Exercise
Repeat the data below exactly, dropping any pictures it holds.

Given information
::::::::::
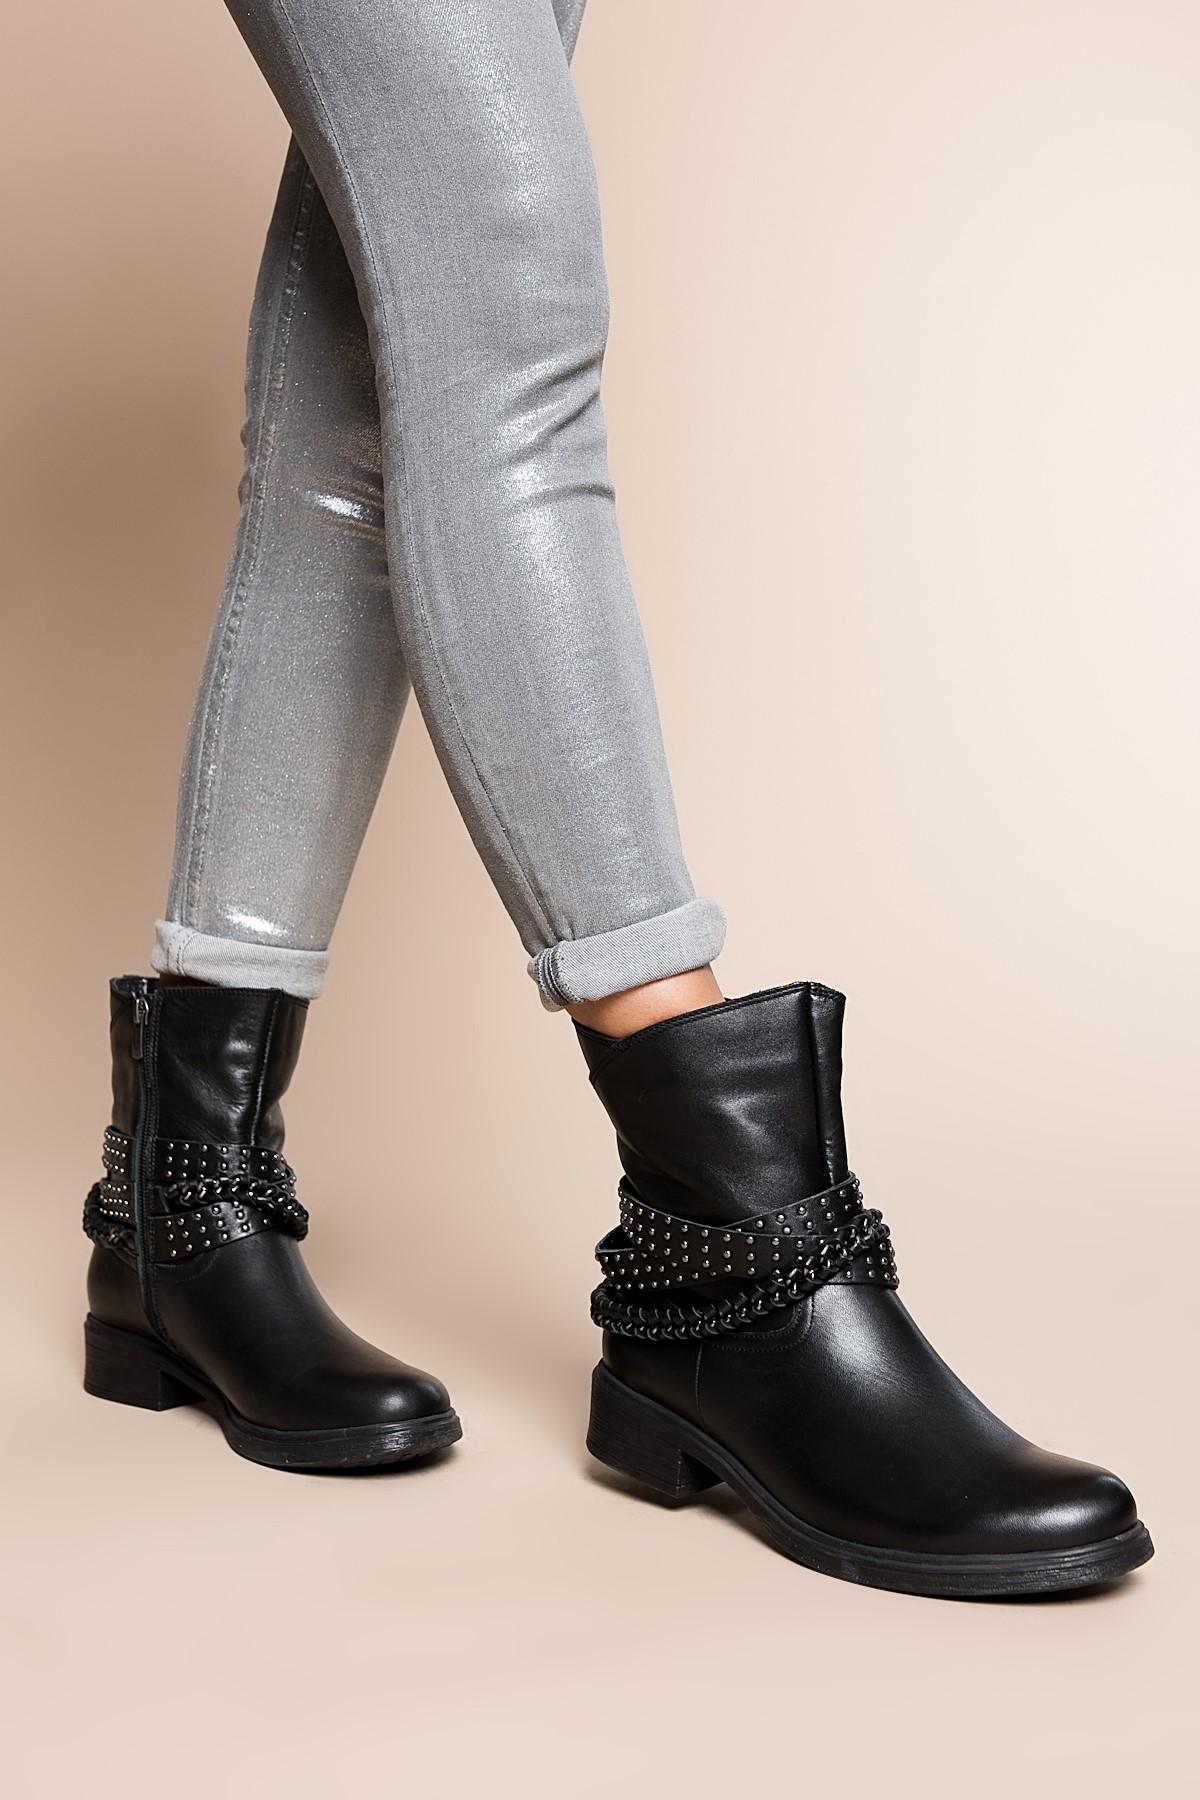 Обувь из высококачественной кожи INCI
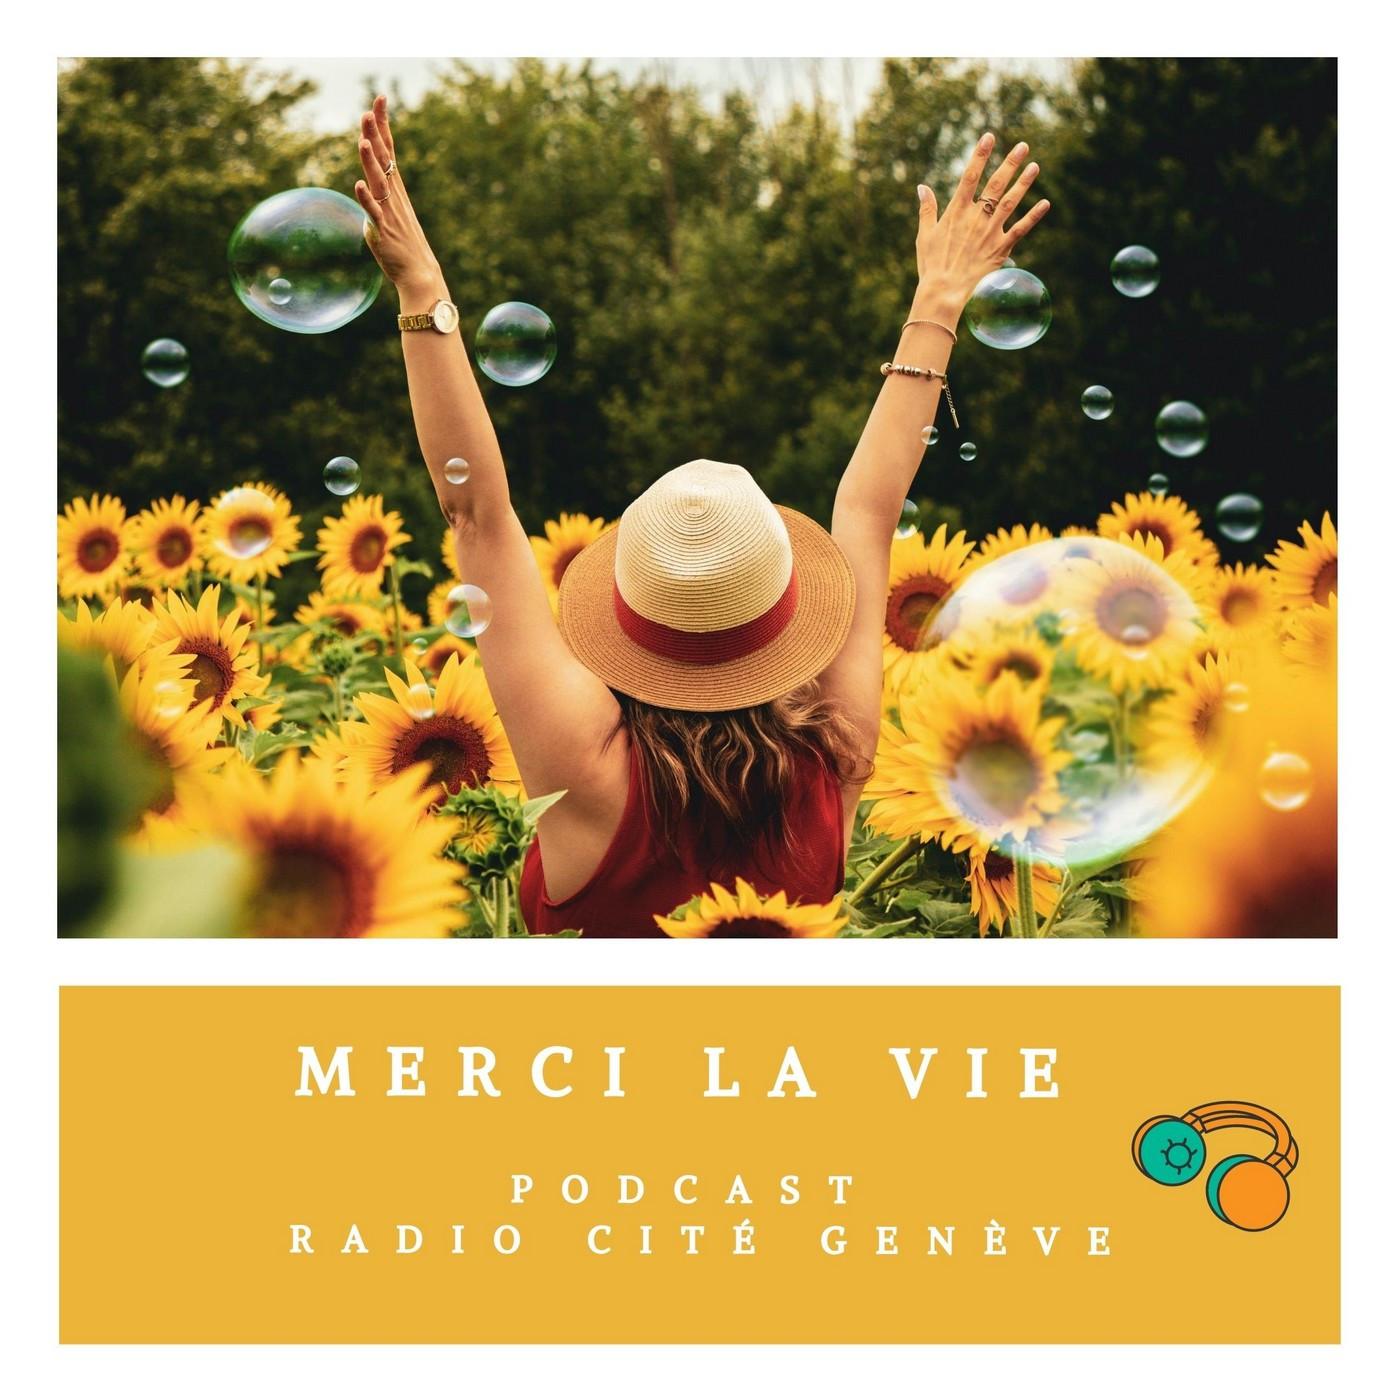 Merci la Vie du 27/10/2020 - Celine van Till
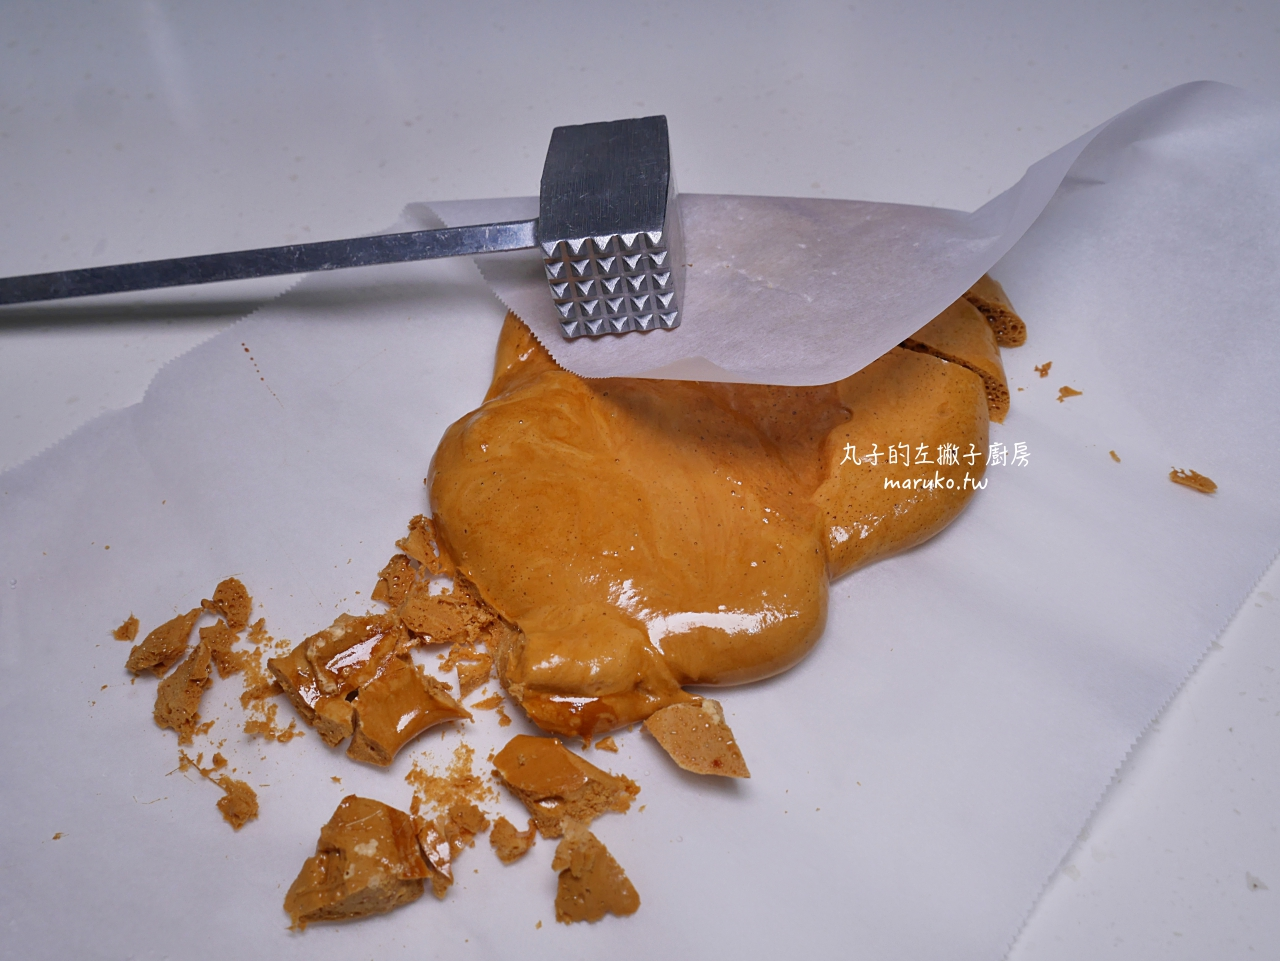 【食譜】蜂巢焦糖脆脆/風靡韓國讓甜點變身為華麗點心的焦糖脆脆做法 @Maruko與美食有個約會
::::::::::
Result of this task
 Обувь из высококачественной кожи INCI
 Merci la Vie du 27/10/2020 - Celine van Till
 【食譜】蜂巢焦糖脆脆/風靡韓國讓甜點變身為華麗點心的焦糖脆脆做法 @Maruko與美食有個約會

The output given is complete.